His jaw locks and he glares at me. “Revenge doesn’t suit you, Mia.”

“This isn’t revenge. It’s justice.”

“Call it what you want, it’s revenge.”

I shake my head. “It’s not. My loyalty was always split between you and Vince, but my desire for you always tipped the scales in your favor. You fucked up. You tipped the scales forever in his favor when you killed him.”

“Bullshit. You’re just being stubborn.”

“I guess we’ll see who’s right.” I finger the locket hanging around my neck. “I’m stuck here, and you’re stuck with me. Welcome to Hell.”

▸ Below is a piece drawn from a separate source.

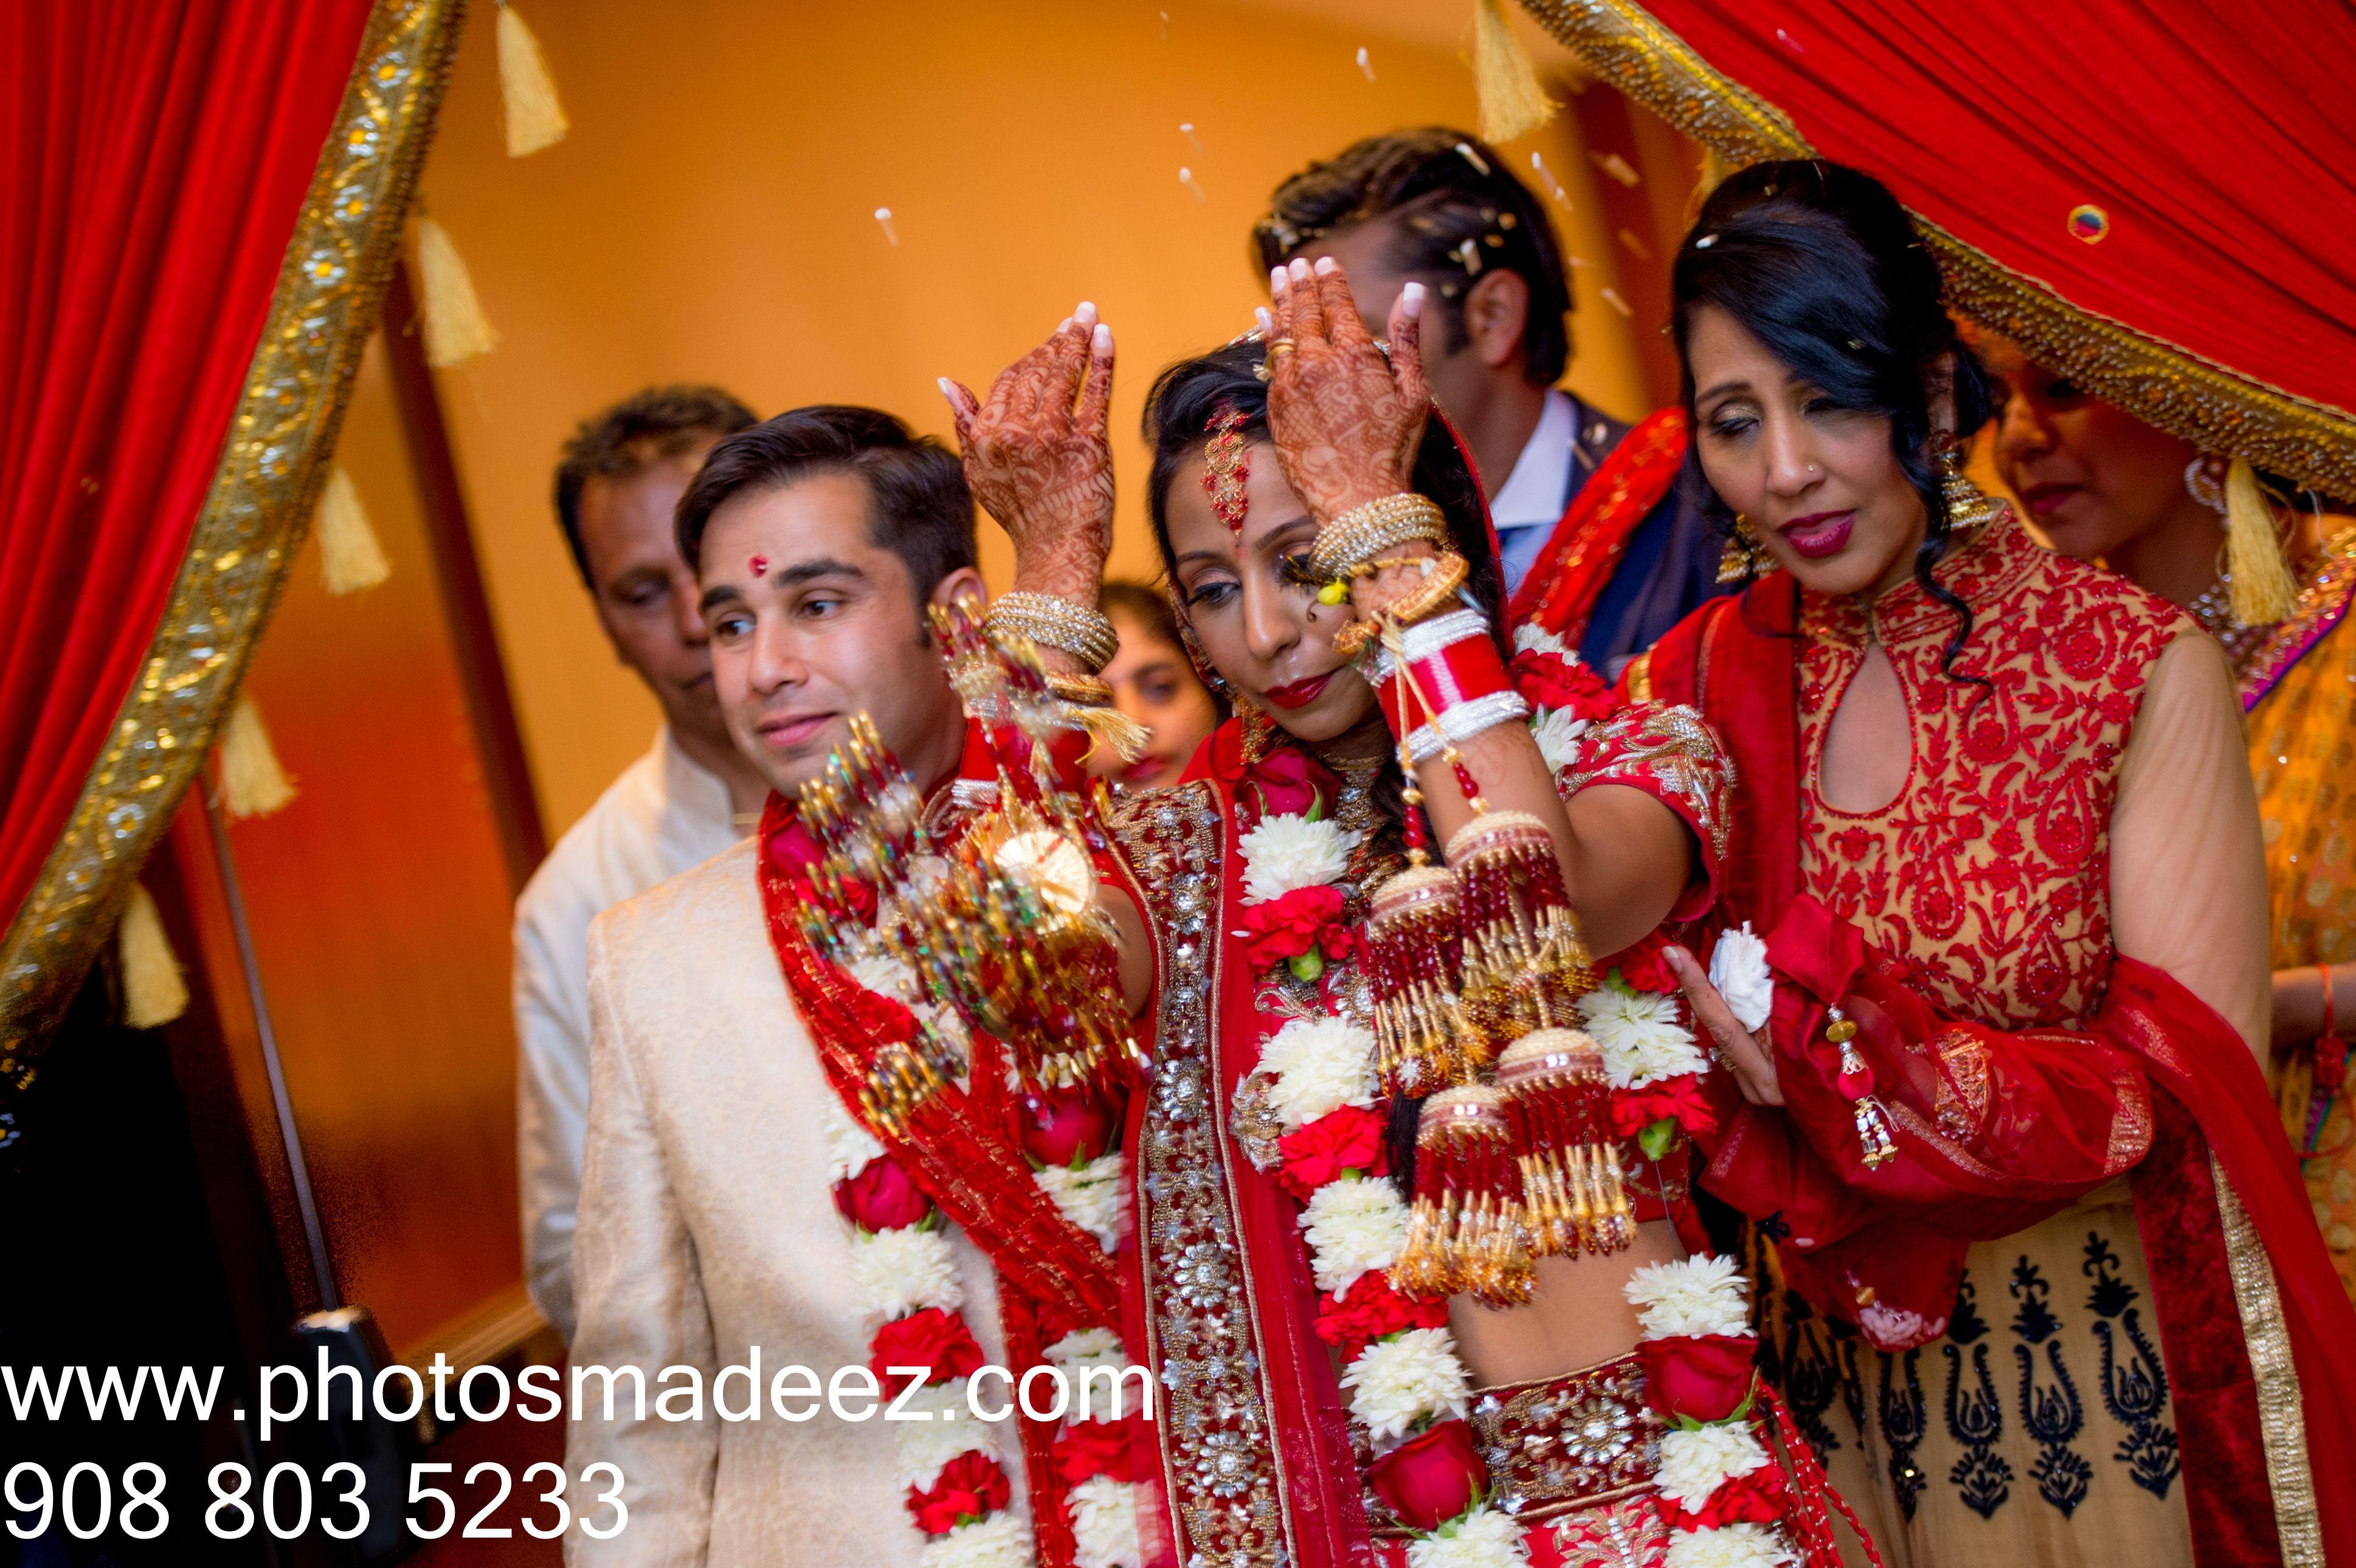 Vidai For Hindu Wedding Ceremony At Westinjersey City With Dj Gaurav Punjabi Wedding In New Jersey Best Indian Wedding Photographers Photosmadeez

He doesn’t like me realizing I do have power over him.

He hates it.

I don’t especially like it myself; that’s not my thing. I like him having all the power. I like being his cherished plaything. I wish he would’ve just given me the respect I asked for that night. I wish the scales were tipped back in his favor. I wish my loyalty was his, like it was when it shouldn’t have been. But he gave my loyalty to Vince. He made me feel indebted to Vince’s memory. I cost him everything, and I owe him this last tribute. If I drive Mateo crazy for the rest of his goddamn life, that’s what he deserves. And if it tortures me to make him feel that way, that’s what I deserve.